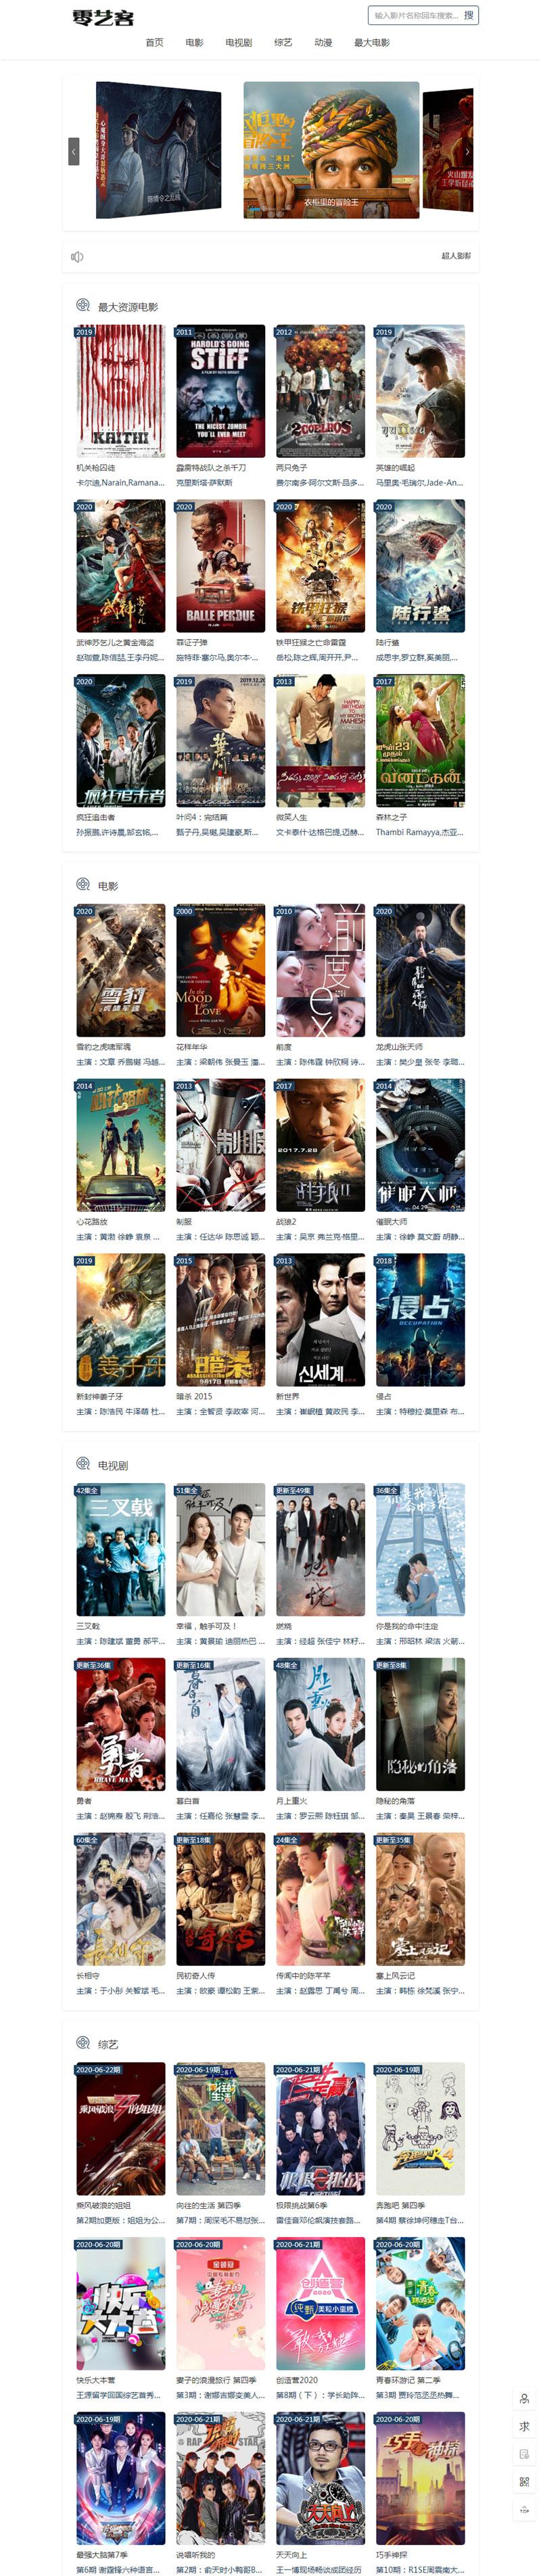 php内核自动采集电影影视网站系统源码
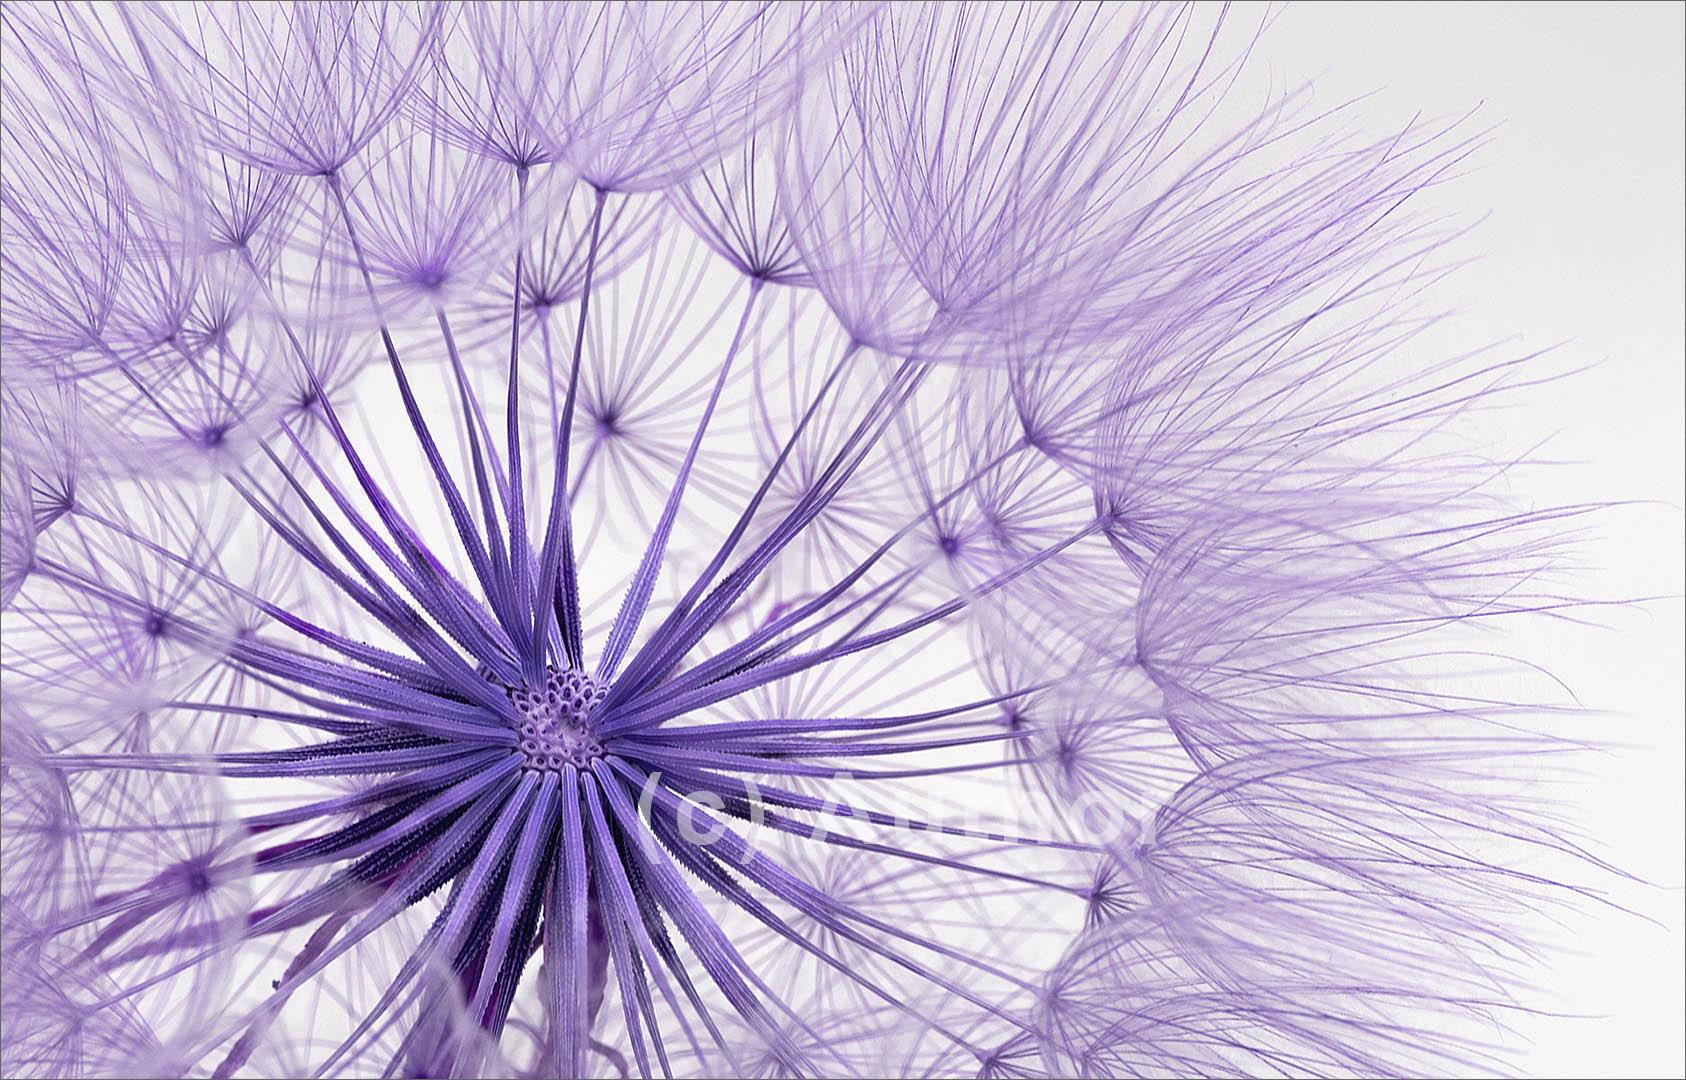 6_SS_Purple wishes_Natasha Bird
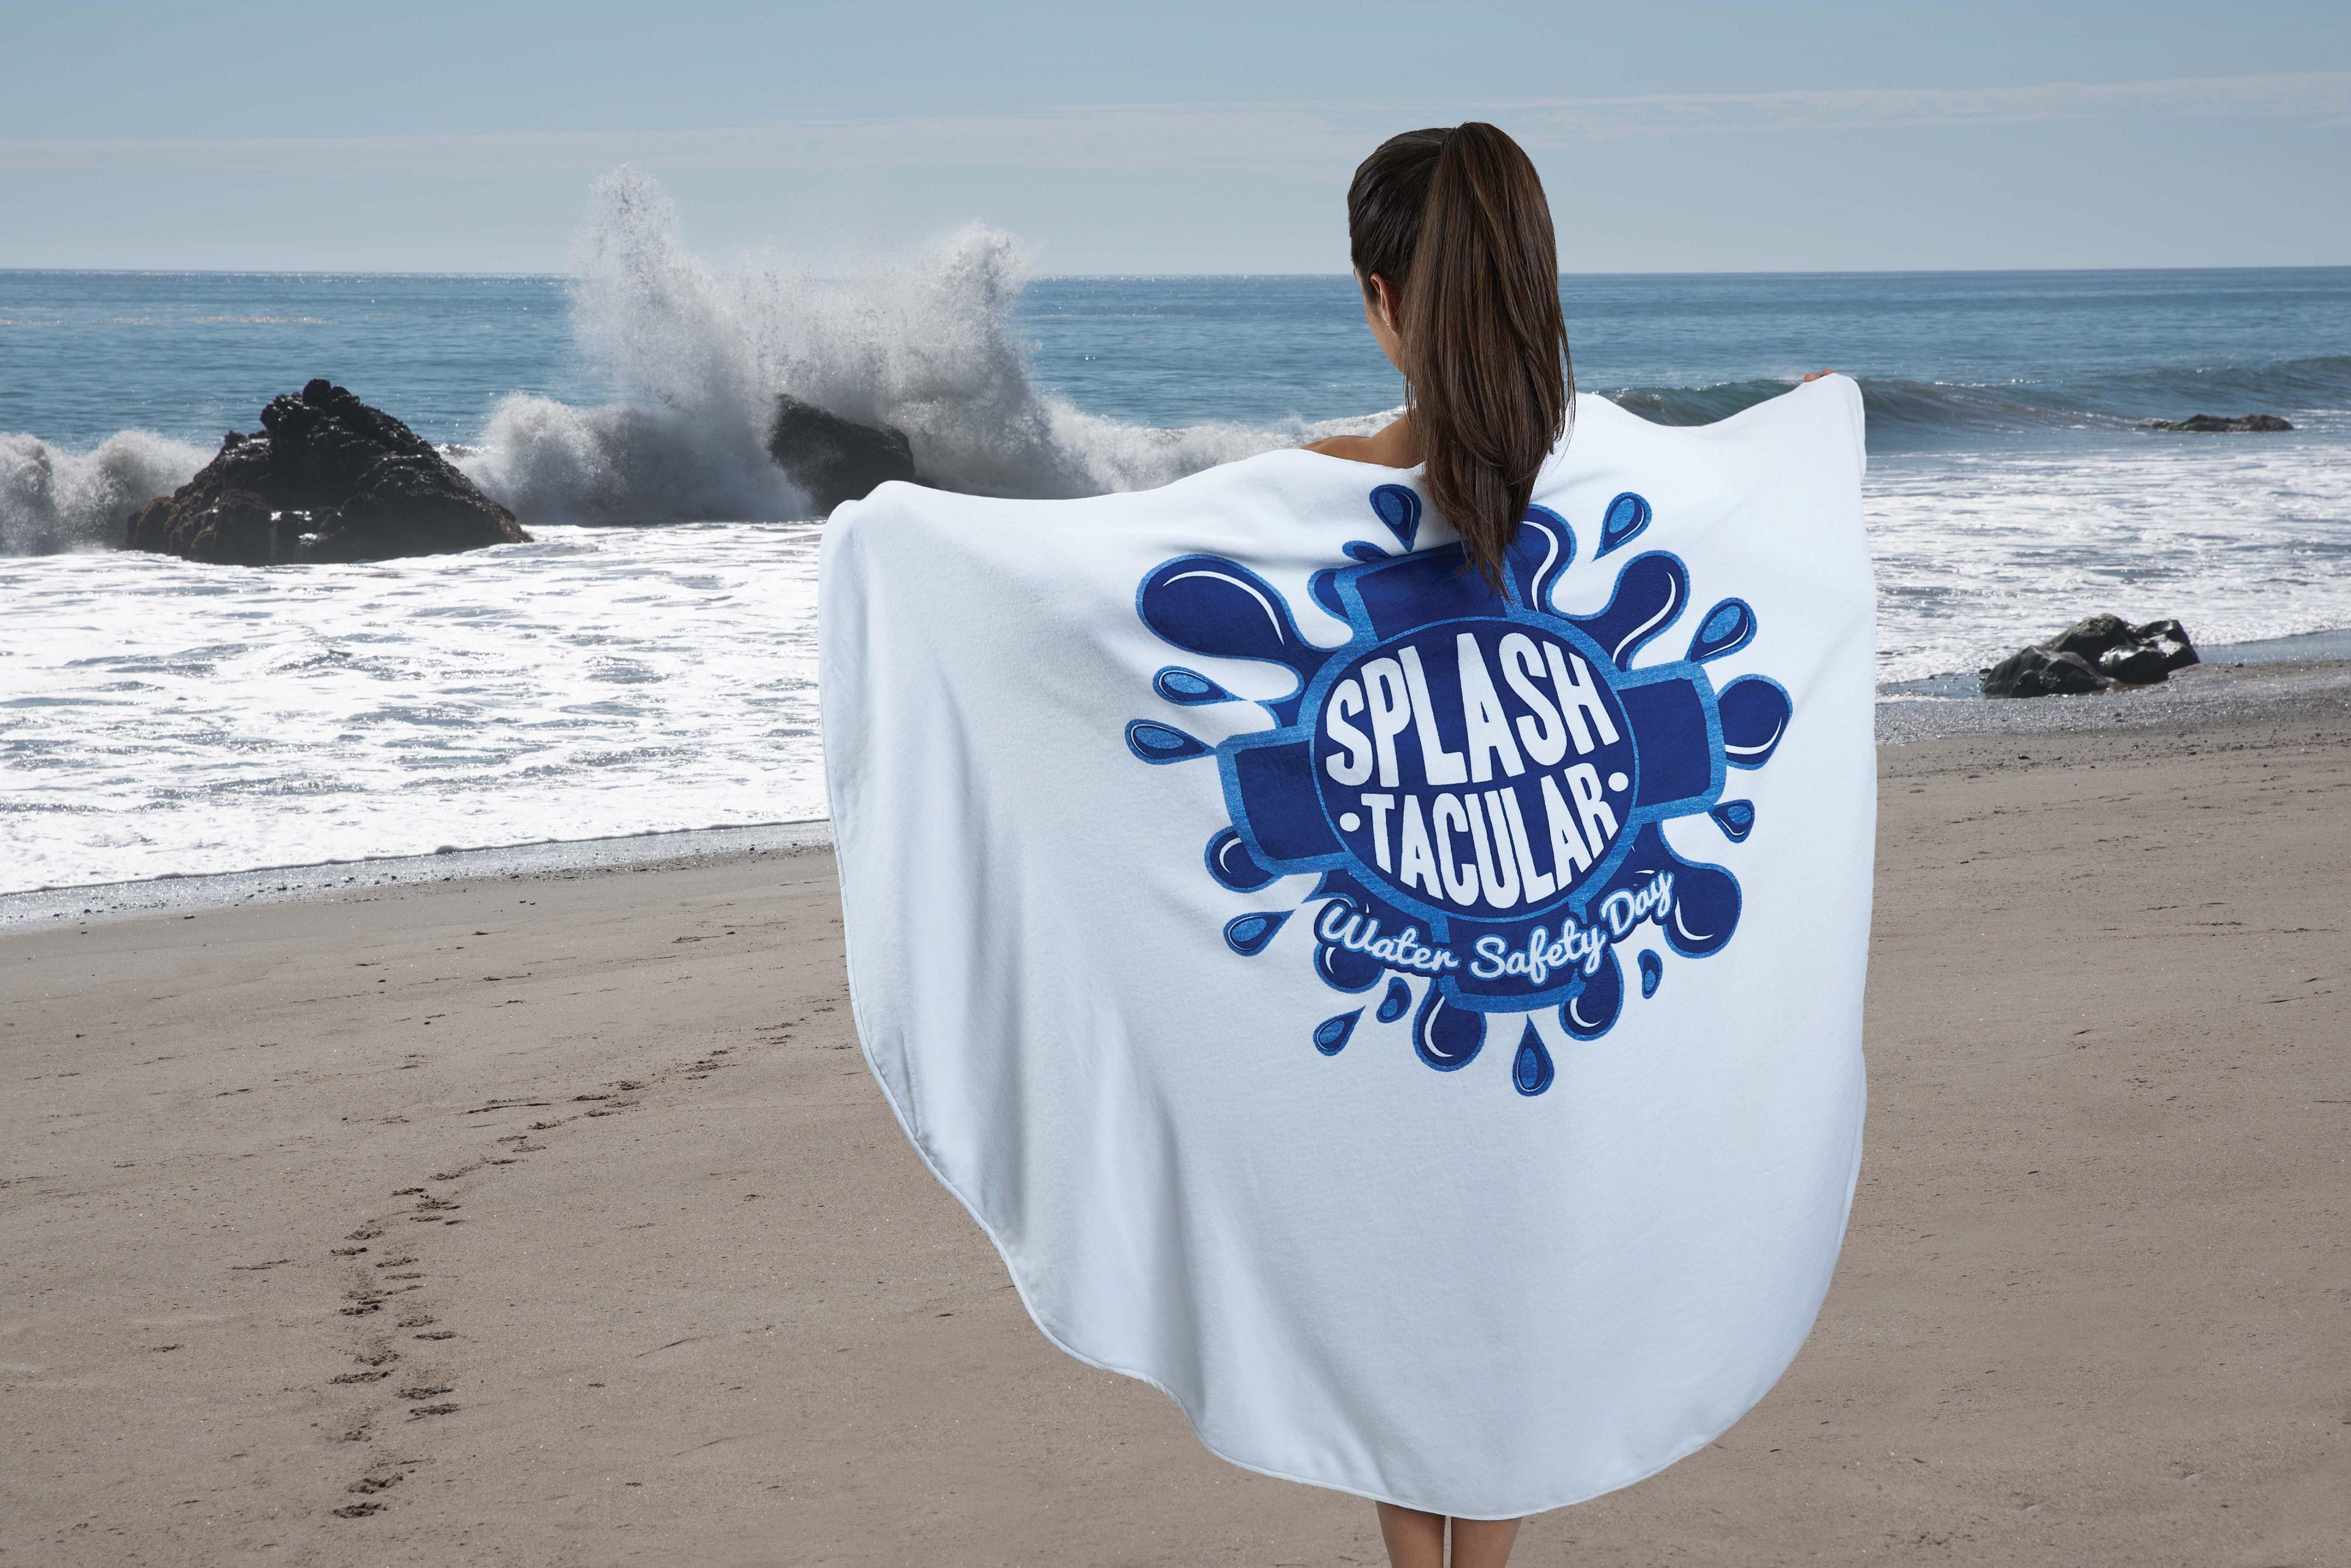 Verronica's vagina print beach towel by nipplesofvenus

--- --- ---

■ **Task requirements**
Return the data above in its exact wording, with none of the pictures.

■ **Task response**
 php内核自动采集电影影视网站系统源码
 6_SS_Purple wishes_Natasha Bird
 Verronica's vagina print beach towel by nipplesofvenus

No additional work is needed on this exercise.